RL

From open-source to partially open-source

Created
#Open Source #AI

There have been many viable business models for open-source Software (OSS) for decades that has allowed the copyright holders and others to a build business around the OSS, while allowing the public to have unlimited access to the source code and everything that comes with it (like tests). It has a been a huge blessing for humanity. World runs on open-source and it's not often that you can give something away for totally free, while having a thriving business for that very same thing.

Well, Cloudflare has just announced that it has rebuilt Next.js with AI in one week and I think it's about to change open-source forever for the worse.

Most of the open-source projects society is most dependent on have 100% test coverage and extensive documentation. That means the test suite is basically a big ole' validation spec sheet for the software. What Clouflare did was they basically told an AI agent to recreate Next.js and validate it against the Next.js test suite. If a test passed the code was merged.

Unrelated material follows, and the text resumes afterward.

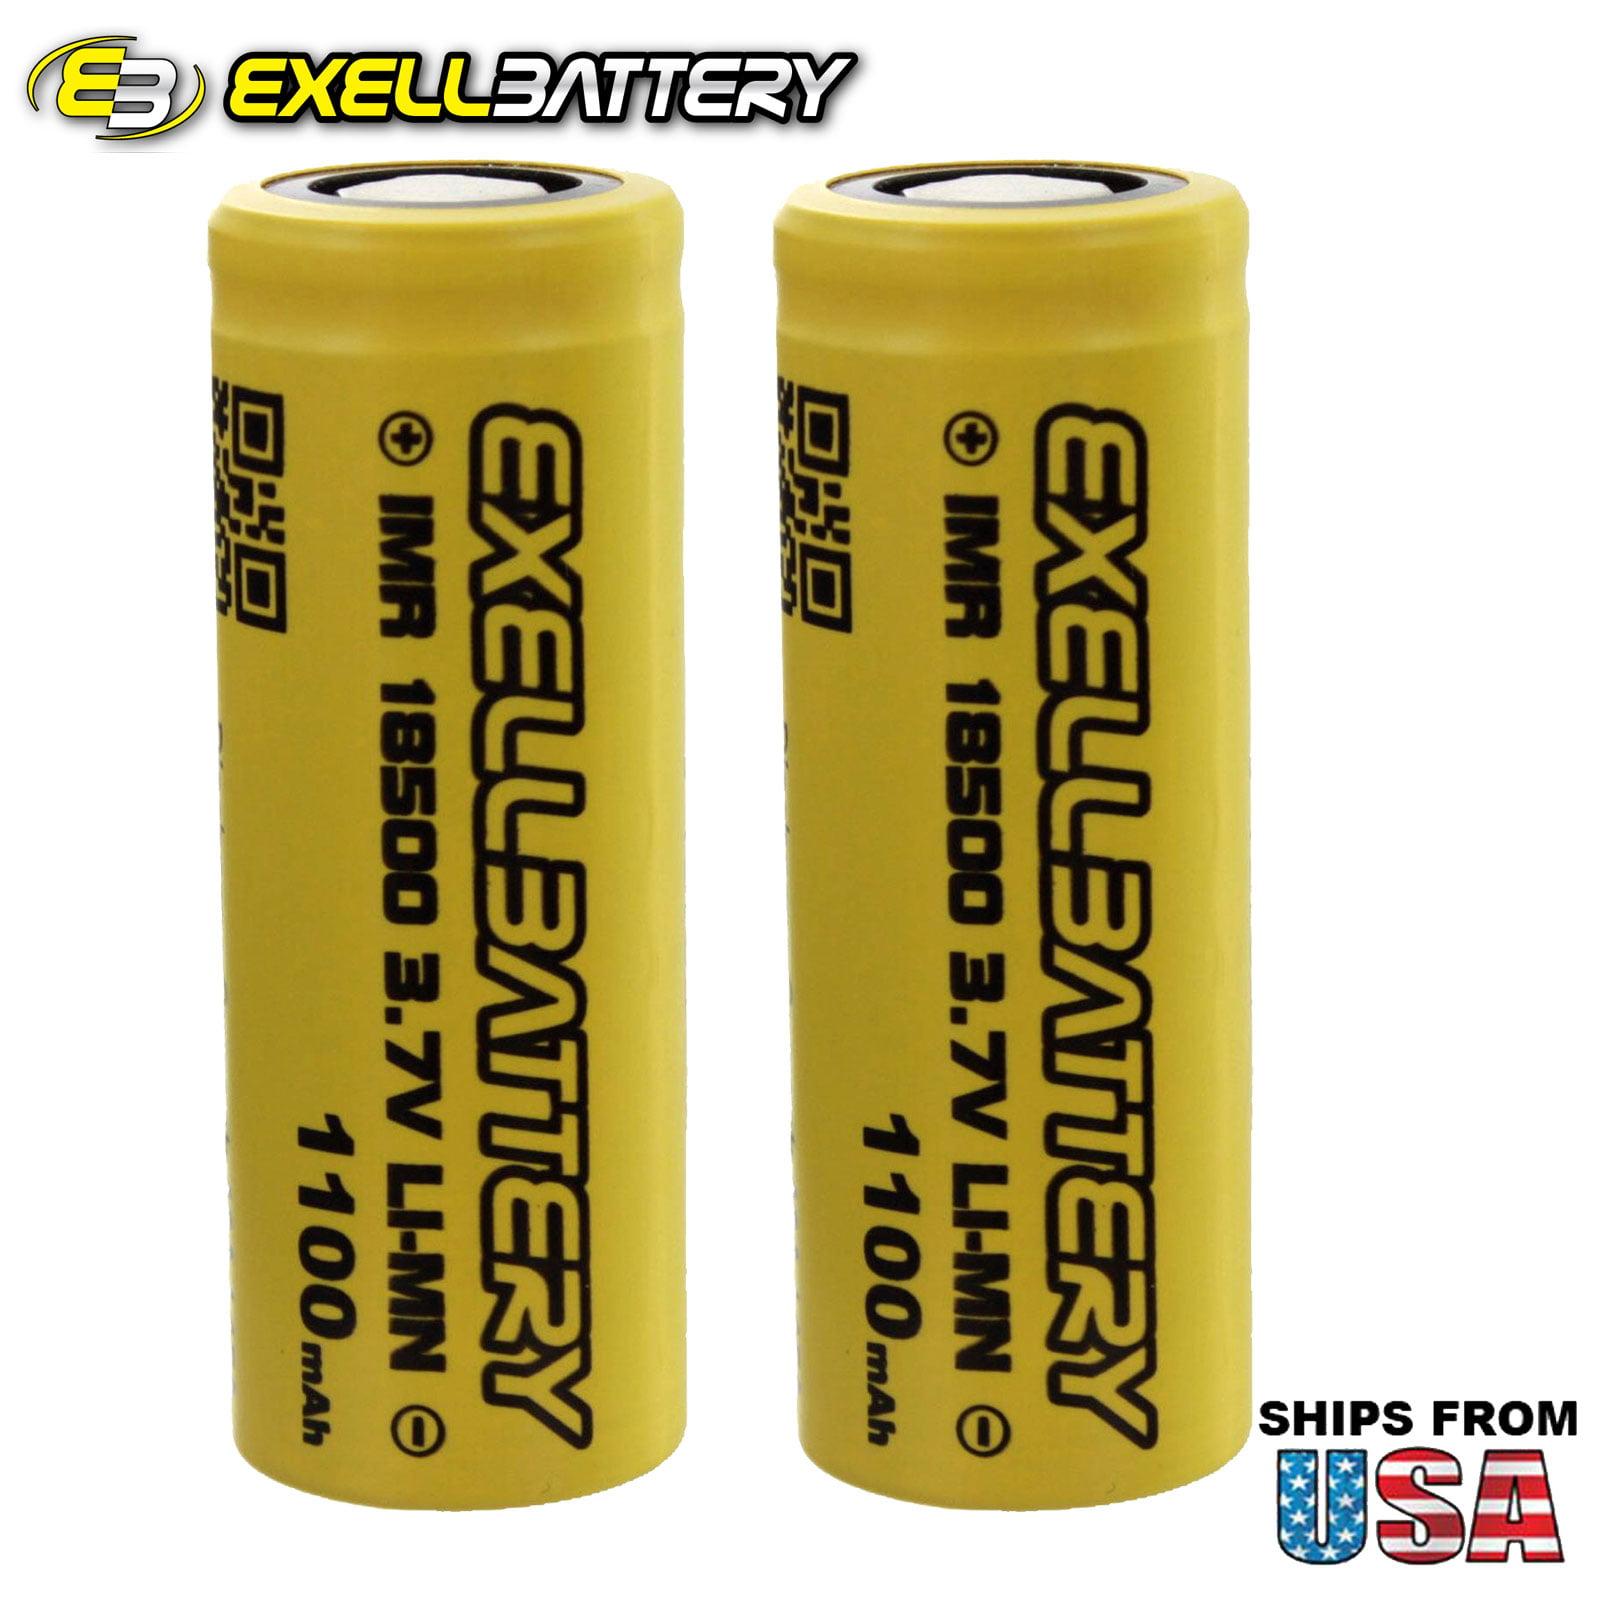 2pc IMR 18500 3.7V LI-MN High Drain 1100mAh 15A Rechargeable Batteries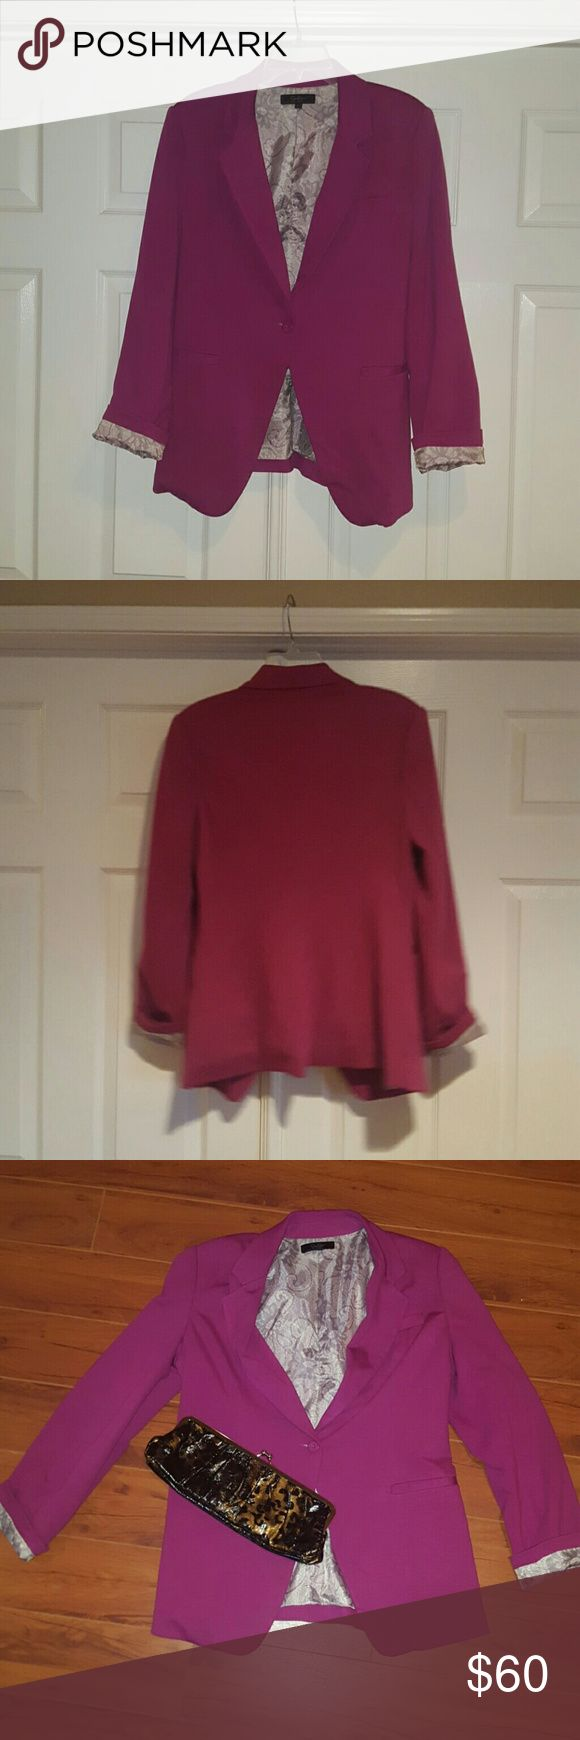 Jessica Simpson Pink Blazer!!! Cute Pink Blazer!!! Dress it up or down! Jessica Simpson Jackets & Coats Blazers

Now, let's say you are a creator, a maintainer or a copyright holder of an OSS and you also run a business around that OSS. Your risk management has basically leaned on the fact that your OSS is so popular and complex that it just isn't worth the hassle for anyone trying to recreate it. Its easier for everyone to just use the same OSS and contribute to it. Everyone wins, right? What Cloudflare just did was the total annihilation of that approach to your business risk management. Now anyone (with enough money to run Opus 4.6 for a week straight) can yoink your test suite and recreate the software you've spent thousands of hours and millions of dollars to create.

I'm betting there's quite a few OSS business owners scrambling for a viable risk management measures to mitigate this risk at this very moment. I think what we're going to see in the coming days, weeks and months is many of them removing tests from their repositories. If that happens, it's going to be a sad day for OSS. Transparency and openess suffers when contributors need to be part of some elite inner-circle to get access to the tests. Partially open-source just doesn't have the same ring to it as fully open-source.

The silver lining is that we're probably going to rid ourselves of the tyranny of some of the legacy OSS maintainers by building new and modern rivalling solutions to the same problem, but at the same time I dread the fragmentation of the OSS community.